Just moments before the European lander Philae shut down due to its primary battery running out of power, the result of an unfortuante landing in the shadow of a cliff that prevents the lander’s solar panels from using sunlight to recharge, Philae’s instruments detected what scientists allege are organic molecules that include some of the basic building blocks of life.
After a ten-year journey traveling onboard the Rosetta spacecraft, Philae successfully landed on comet 67P/Churyumov–Gerasimenko. Unfortunately, the anchor system meant to help Philae land failed to deploy as planned, causing the 100-kg (220-pound) lander to bounce twice before settling in a location that doesn’t receive enough sunlight. Scientists, however, remain cautiously hopeful that the lander can still rotate itself out of the cliff’s shadow. “We don’t know if the charge [after the lander has been repositioned to receive additional sunlight]will ever be high enough to operate the lander again. It is highly unlikely that we will establish any kind of communication any time soon, but nevertheless the orbiter will continue to listen for possible signals,” told Paolo Ferri, ESA’s head of mission operations, to the Associated Press.

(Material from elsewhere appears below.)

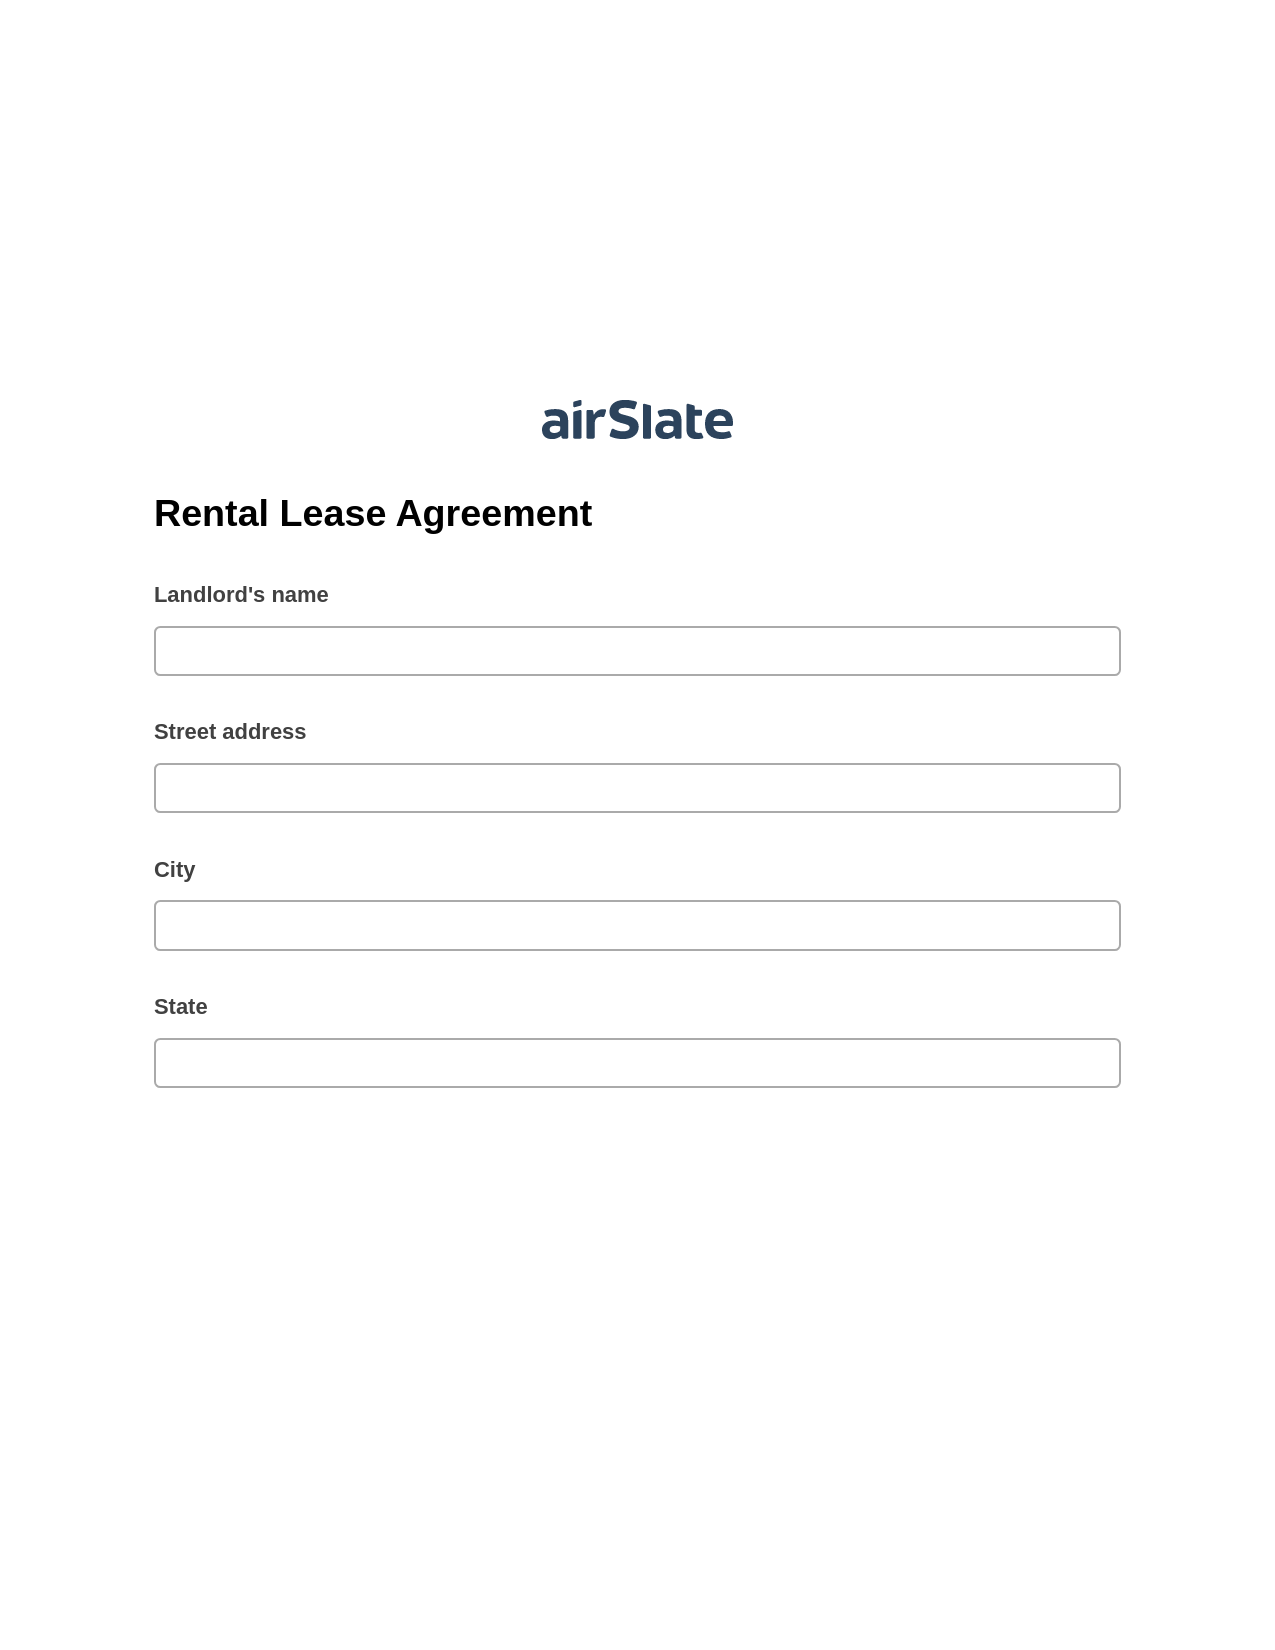 Rental Lease Agreement Pre-fill Slate from MS Dynamics 365 Records Bot, Open as Role Bot, Export to Excel 365 Bot

Although members of the European Space Agency’s comet team are certainly disappointed, data transmitted to the Rosetta probe, and then to Earth suggest Philae may have discovered carbon-based molecules using a gas analyzing instrument called the COSAC. According to the DLR German Aerospace Center, although the COSAC “sniffed” the comet’s atmosphere and detected organic molecules, further analysis and data are needed to determine if the compounds also include protein constructing complex compounds like amino acids, which together with carbon provide the necessary ingredients necessary for life.
Additional instruments onboard Philae include a drill meant to dig deep into the comet’s surface and the MUPUS tool that measures the density of the comet’s surface. The MUPUS tool is also designed to measure the comet’s thermal and mechanical properties. All of these tools are part of Philae’s larger mission to confirm what many scientists suspect about the purpose of comets, that they are carriers of organic compounds that can germinate planets with the necessary ingredients needed for life.